Culpepper, while less of a standout, does her various characters justice. Her Sonia comes across as moral above all, despite her chosen profession, and her simple goodness makes for a counterpoint to Raskolnikov’s muddied sense of right and wrong.

The set is spare, with a wooden thrust stage, a desk and chair, a cot, and a long looming flight of stairs leading up into the rigging. Characters emerge from all levels—from the stairs, from a hole in the floor, and from a closet-like structure that serves as a front door—making an otherwise static production dynamic. The action is continuous, with no scene breaks, and unlike the novel, time is a bit fluid here.

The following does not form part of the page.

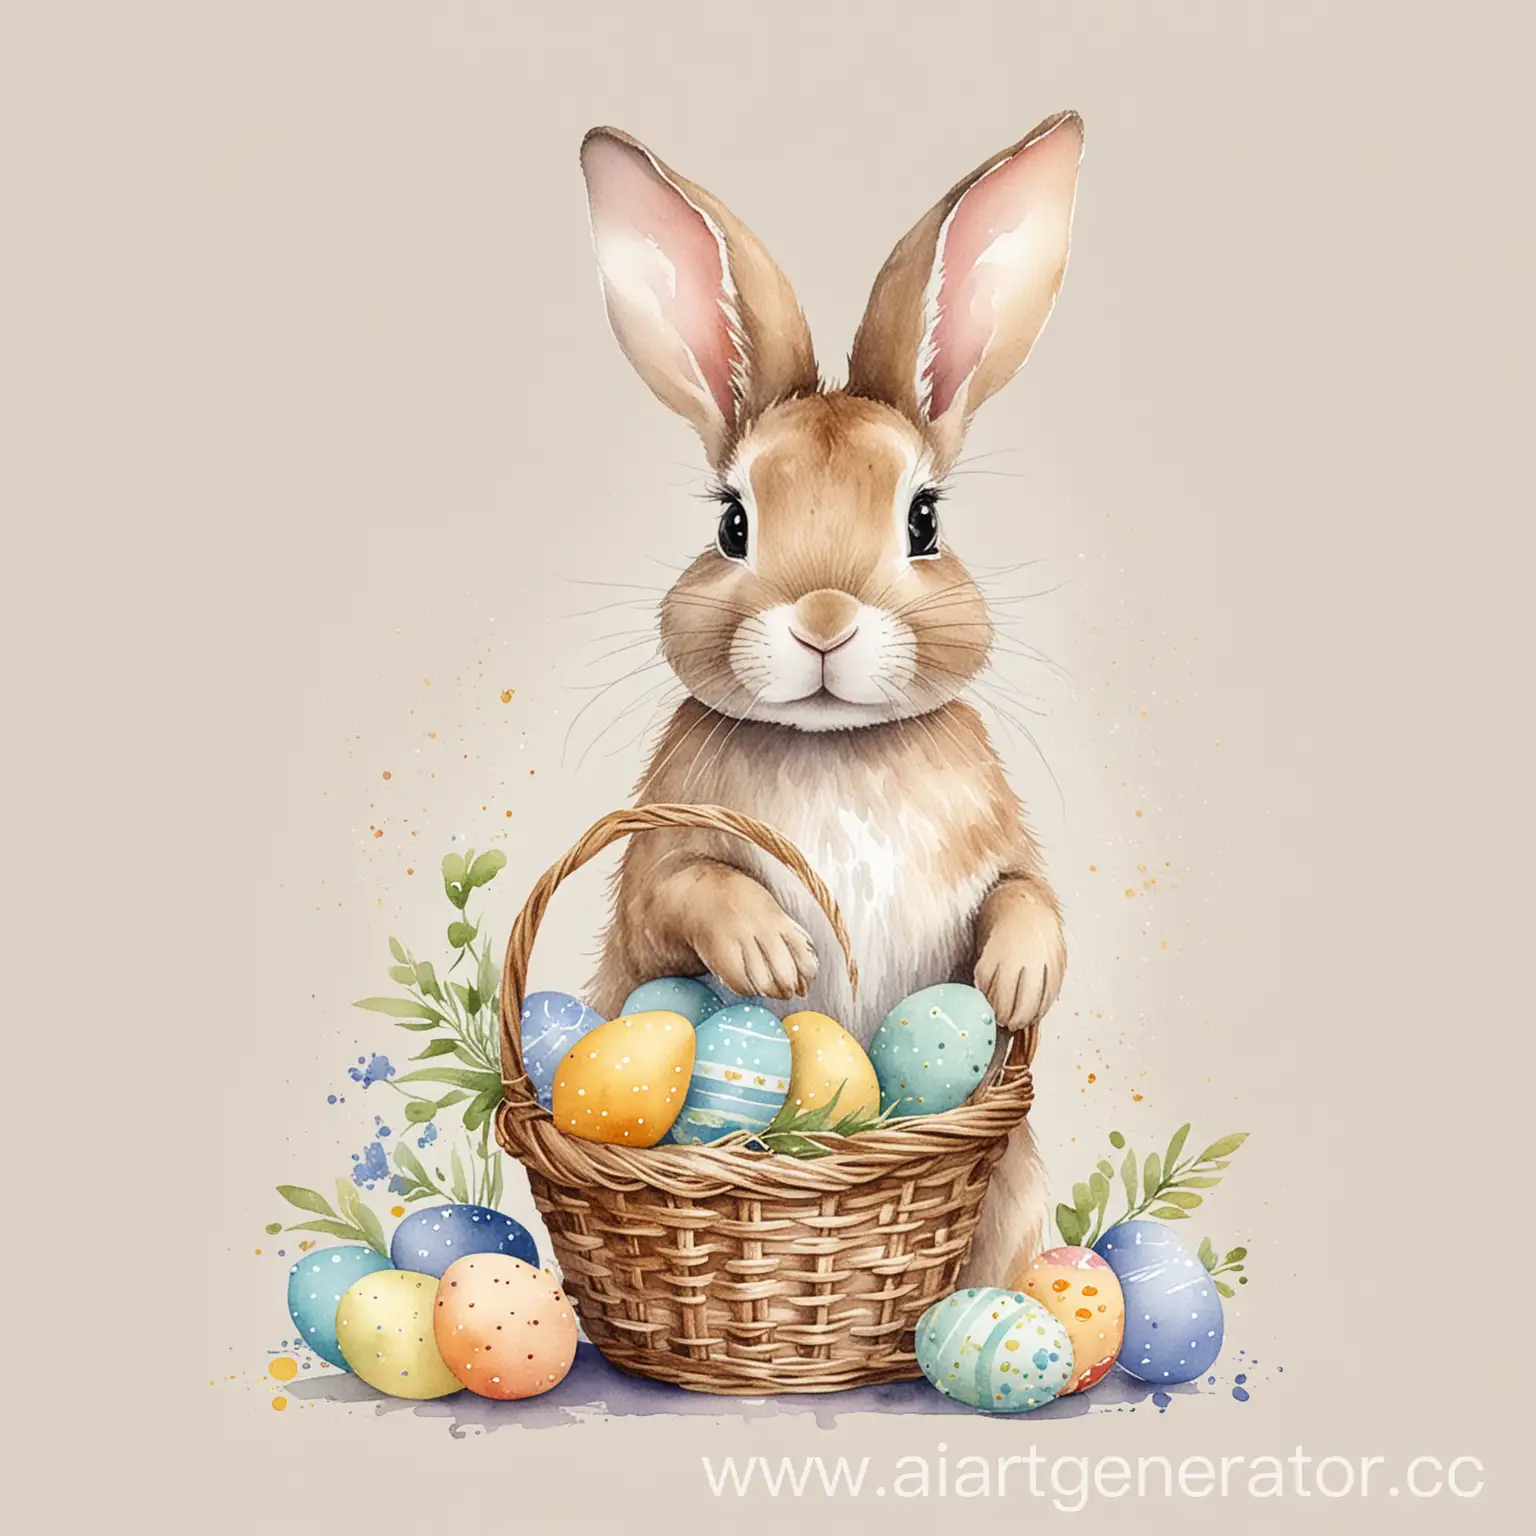 Easter-Bunny-Watercolor-Illustration-with-Basket-on-White-Background

It begins with Porfiry’s first interrogation of Raskolnikov and doubles back to the murder and other incidents as Raskolnikov relates them. When the action switches from his relation of a thing to the thing itself, the lighting changes accordingly. And when it comes back to a scene after such an interlude, the characters often repeat the lines they last spoke, as if to situate us once more in time. It’s an effective and lively presentation, heightened by the lighting—a harsh floodlight when Raskolnikov is with the detective, a moodier yellow when he is home—and music so minimal and quiet it seems to come from another room. The set is used to greatest effect during the actual murder: Raskolnikov raises his ax, a bell tolls loudly, and a flash of light illuminates an entirely new portion of the set at the back of the stage, an area previously in darkness. It’s a vivid, shocking scene, like something out of Raskolnikov’s own troubled conscience.

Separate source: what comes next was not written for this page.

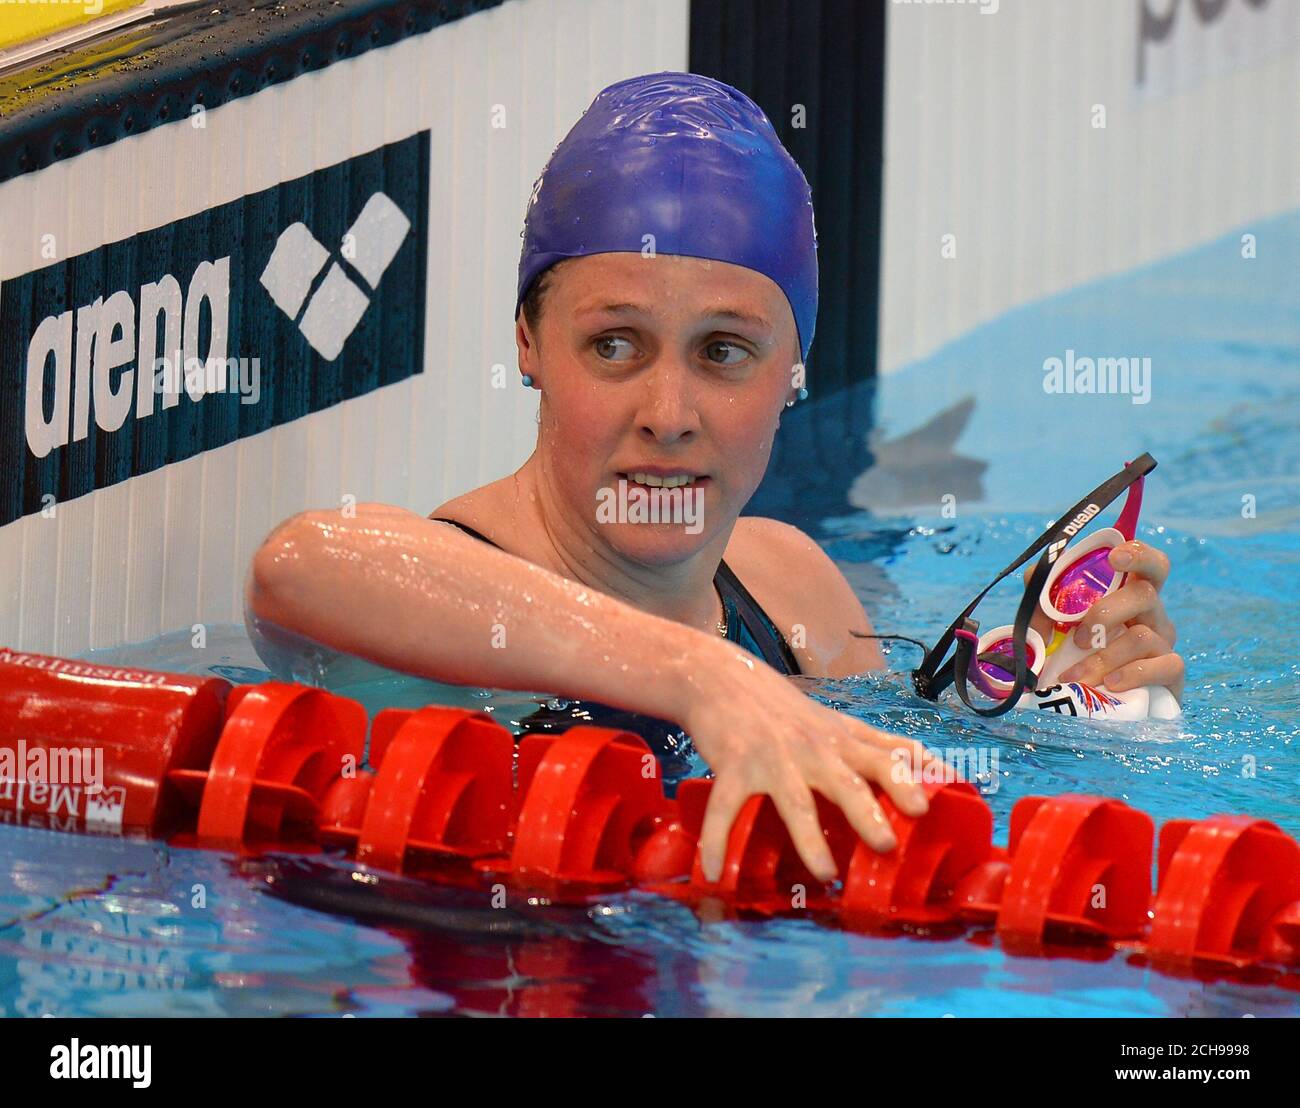 Great Britain's Hannah Miley after finishing her Women's 200m Medley Semi-Final during day ten of the European Aquatics Championships at the London Aquatics Centre, Stratford. Stock Photo

Center Stage’s Crime and Punishment is necessarily a sort of shorthand for Dostoevksy’s meticulous portrayal of the steps that lead a man of ideals to murder, and the psychological torture that follows. The characters in the play don’t have the depth and believability of those in the book, and the absence of supporting characters—some of whom influence Raskolnikov’s actions in the novel—make it harder to follow his twisted line of reasoning. But judged on its own merits, the production draws the viewer in, provoking and disturbing in equal measure. And for a tale like this one, that is high praise.